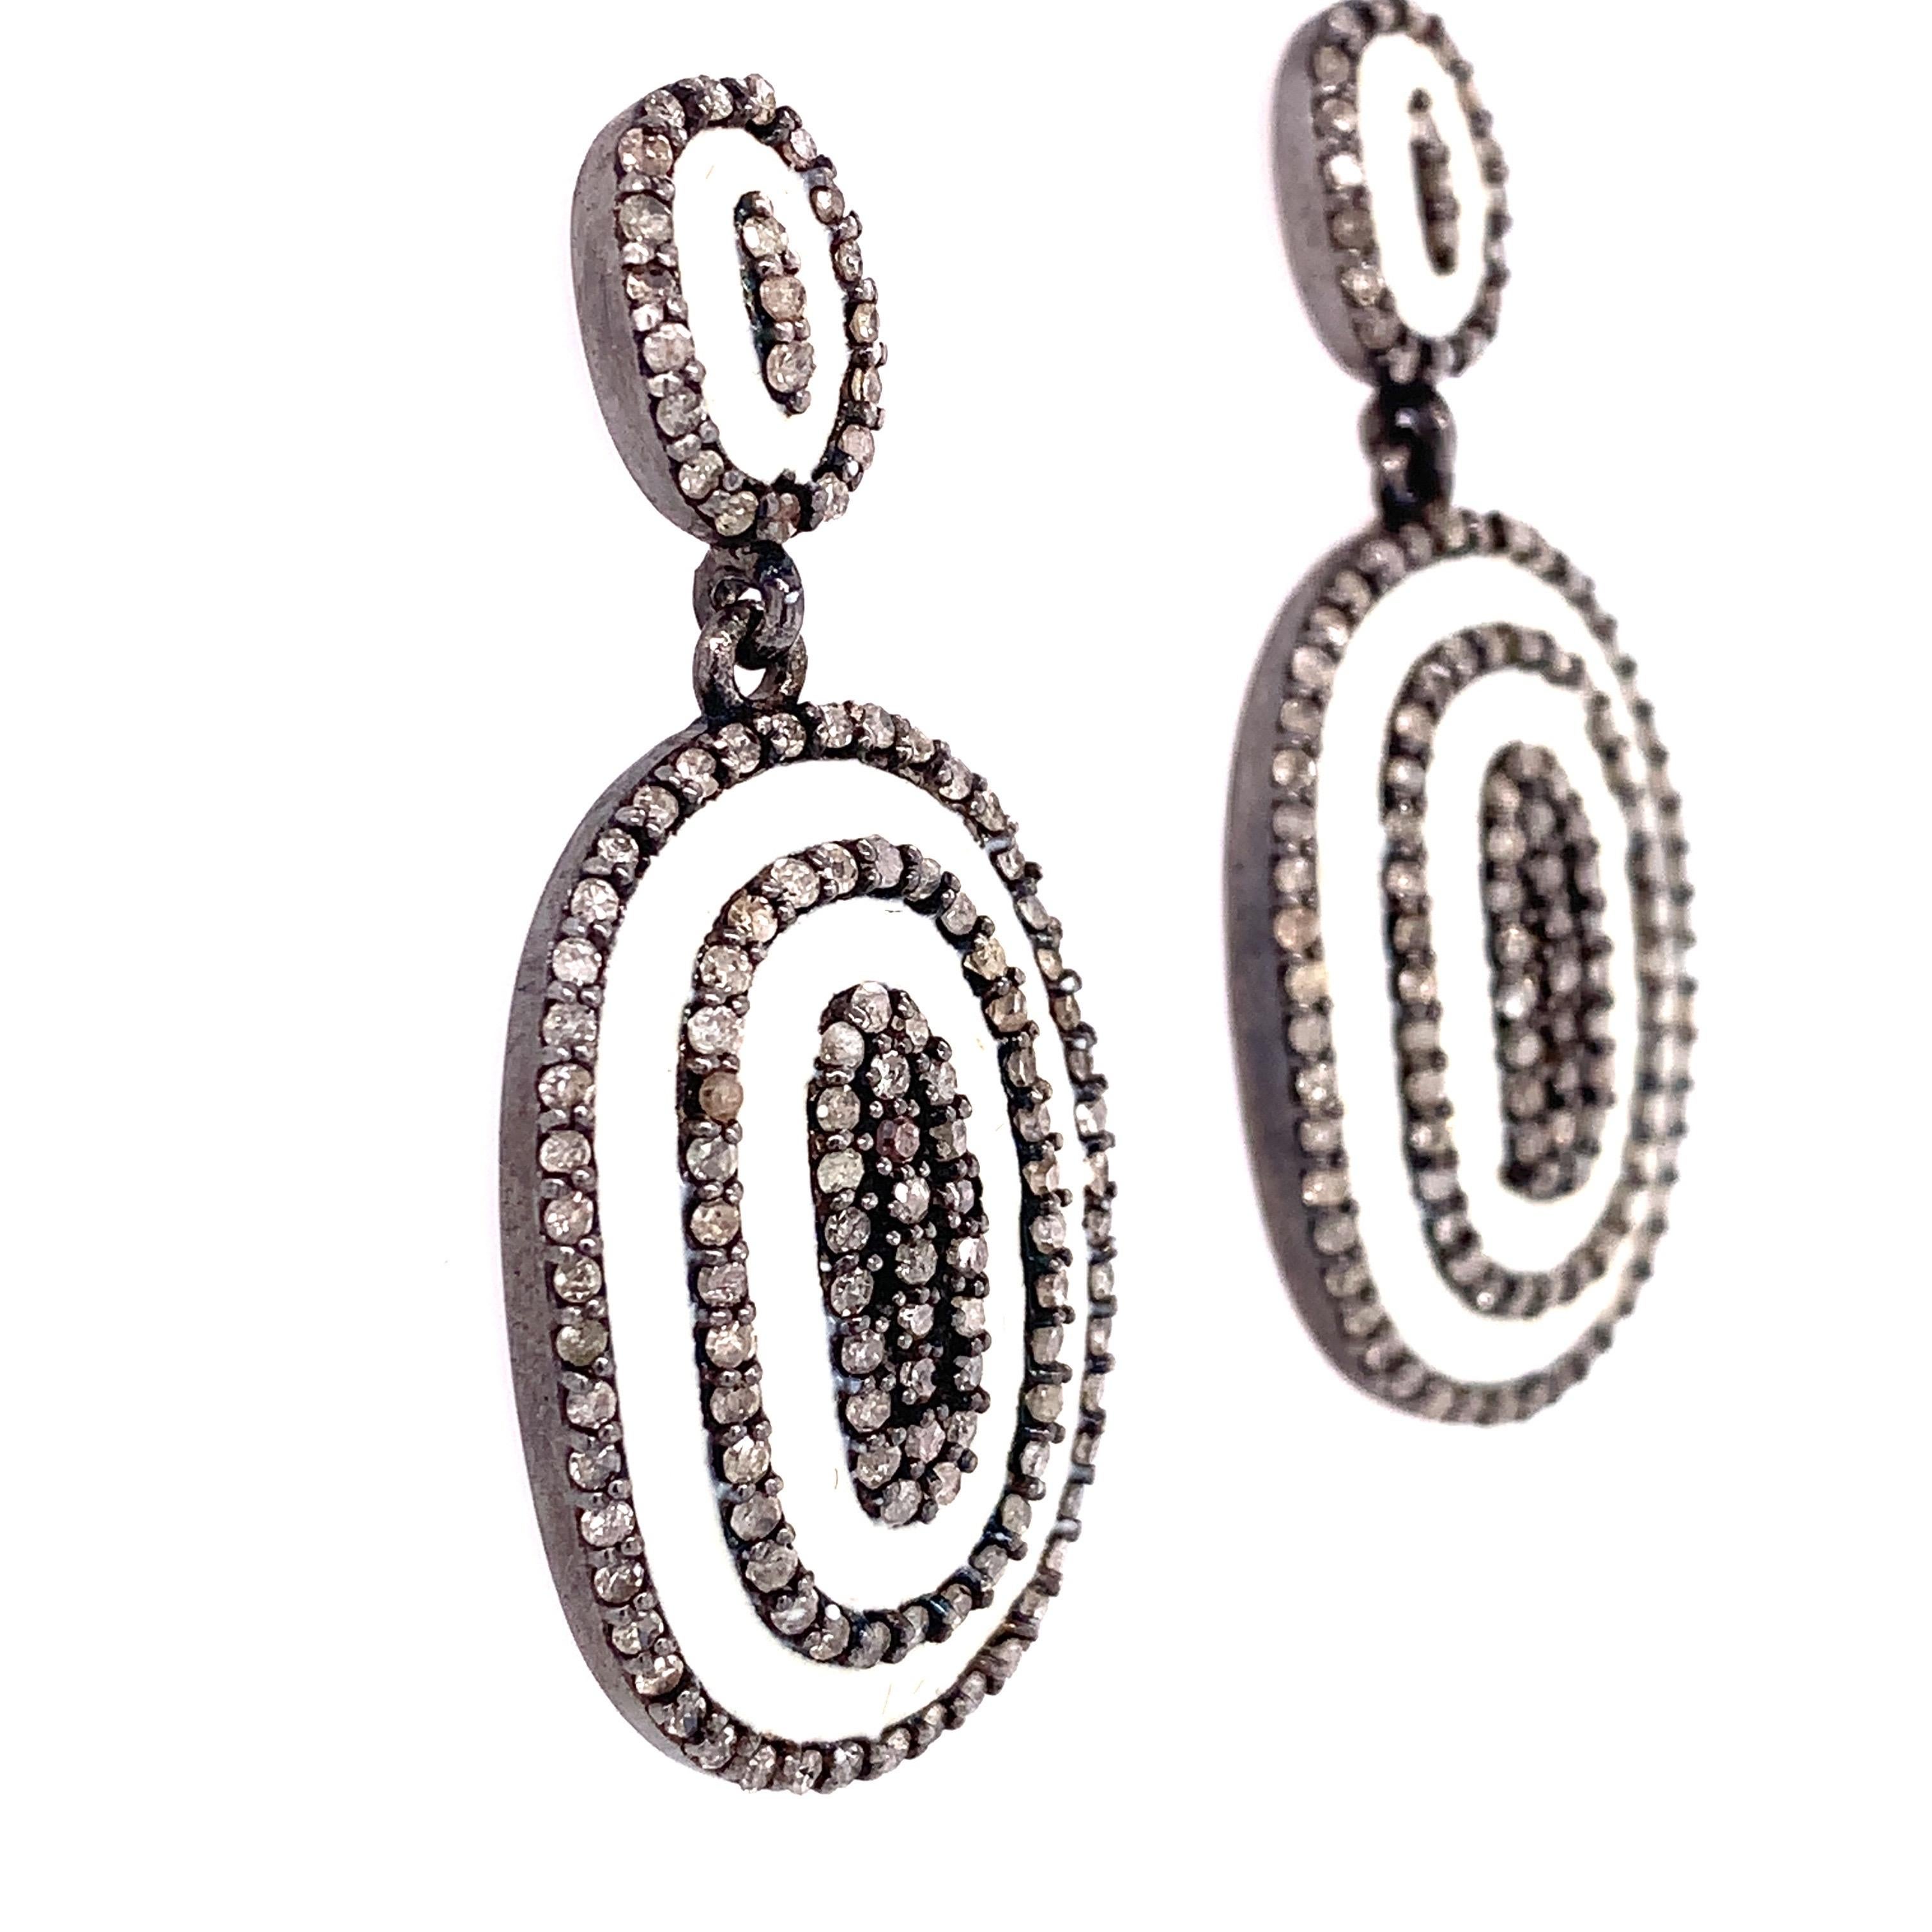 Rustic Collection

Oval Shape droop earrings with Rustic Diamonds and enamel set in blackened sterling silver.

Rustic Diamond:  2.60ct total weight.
• • • • • • •
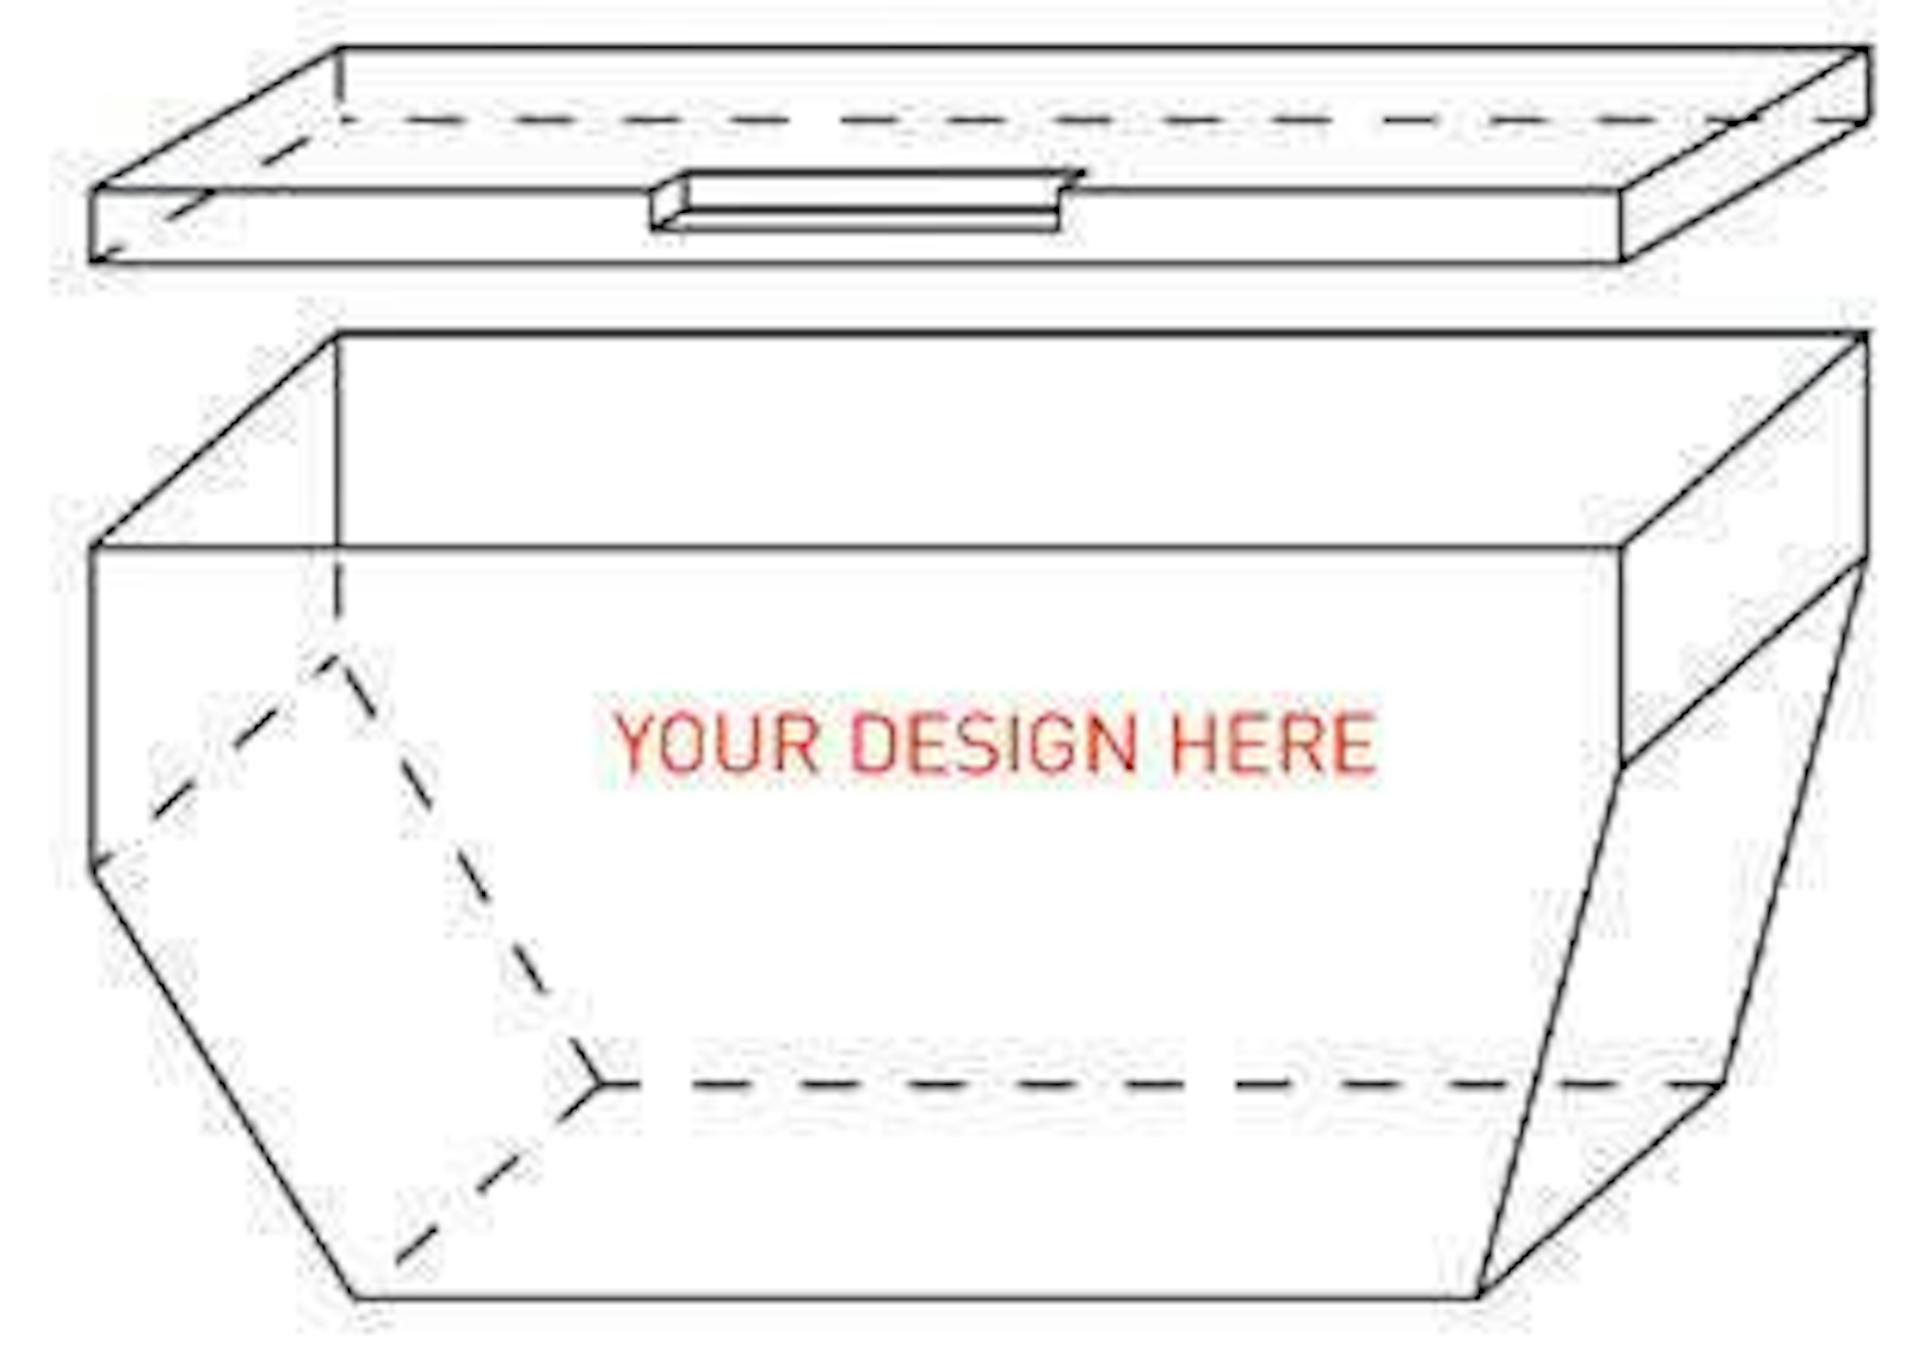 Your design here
• • • • • • •
WHAT YOU WILL DO: Look through the material above. Transcribe exactly the lines between the ones with "Rustic Collection" and "2.60ct total weight.", inclusive, and keep pictures out.

WRITTEN RESPONSE:
 Rustic Collection

Oval Shape droop earrings with Rustic Diamonds and enamel set in blackened sterling silver.

Rustic Diamond:  2.60ct total weight.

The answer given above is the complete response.